Deutsche Verbraucher können für ihren Lebensunterhalt und den Konsum im Jahr 2005 durchschnittlich 17.087 Euro ausgeben. Damit erhöht sich das verfügbare Einkommen im Vergleich zum Vorjahr um 0,4 Prozent, ist das Ergebnis einer Studie zur Kaufkraft der Gesellschaft für Konsumforschung (GfK), die am Montag veröffentlicht wurde.

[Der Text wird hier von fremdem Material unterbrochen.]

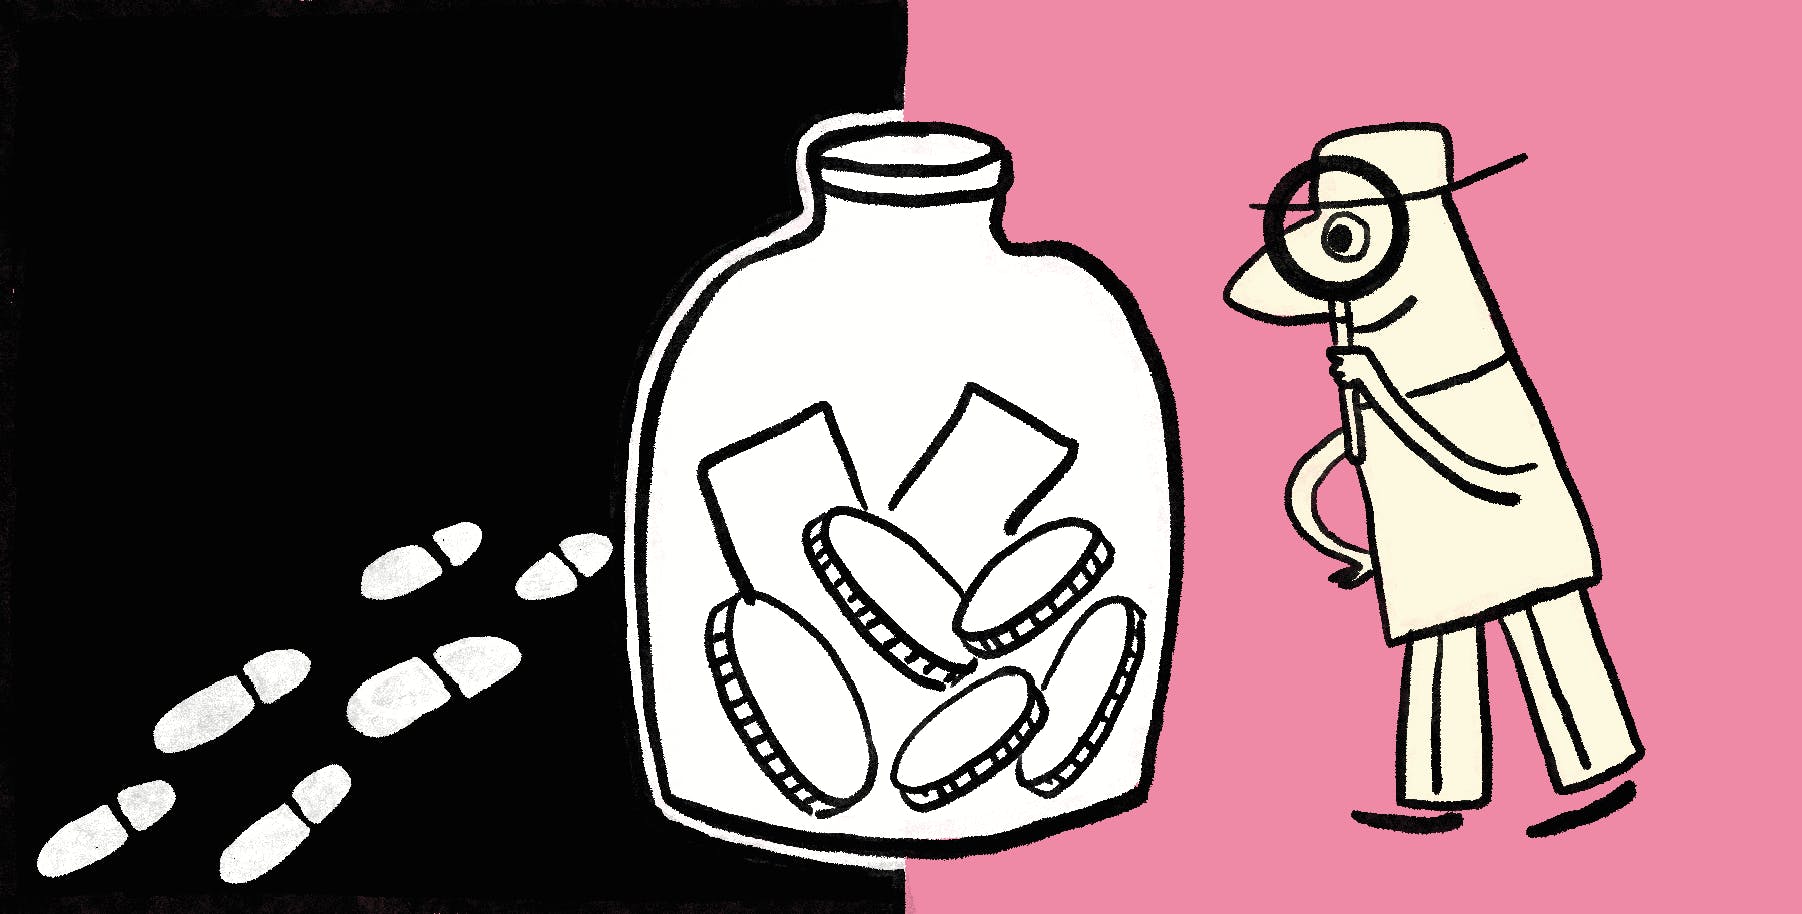 Cartoon taking a look inside a petty cash jar

Der Studie zufolge nähert sich das Einkommen in Ost und West langsam an. Allerdings gibt es bei den 40 Regierungsbezirken in Deutschland nach wie vor große Einkommensunterschiede. An der Spitze steht der Bezirk Oberbayern mit durchschnittlich 20.091 Euro pro Einwohner und Jahr. Es folgen die Regierungsbezirke Darmstadt (19.533) und Stuttgart (19.097).

Die neuen Bundesländer holen gegenüber dem Westen auf. Das Einkommen liegt dort noch 20,1 Prozent unter dem Bundesdurchschnitt. Der GfK-Studie zufolge schneiden die Regierungsbezirke Brandenburg (14.115), Leipzig (13.959) und Dresden (13.812) am besten ab. Das Schlusslicht bilden Halle (13.398), Dessau (13.358) und Mecklenburg-Vorpommern (13.221 Euro).

Bei den 439 Stadt- und Landkreisen in Deutschland schwankt die Kaufkraft enorm. Der reichste Landkreis ist Starnberg mit 23.644 Euro. In den ärmsten Landkreisen in Mecklenburg-Vorpommern müssen die Menschen allerdings mit weniger als 12.000 Euro auskommen.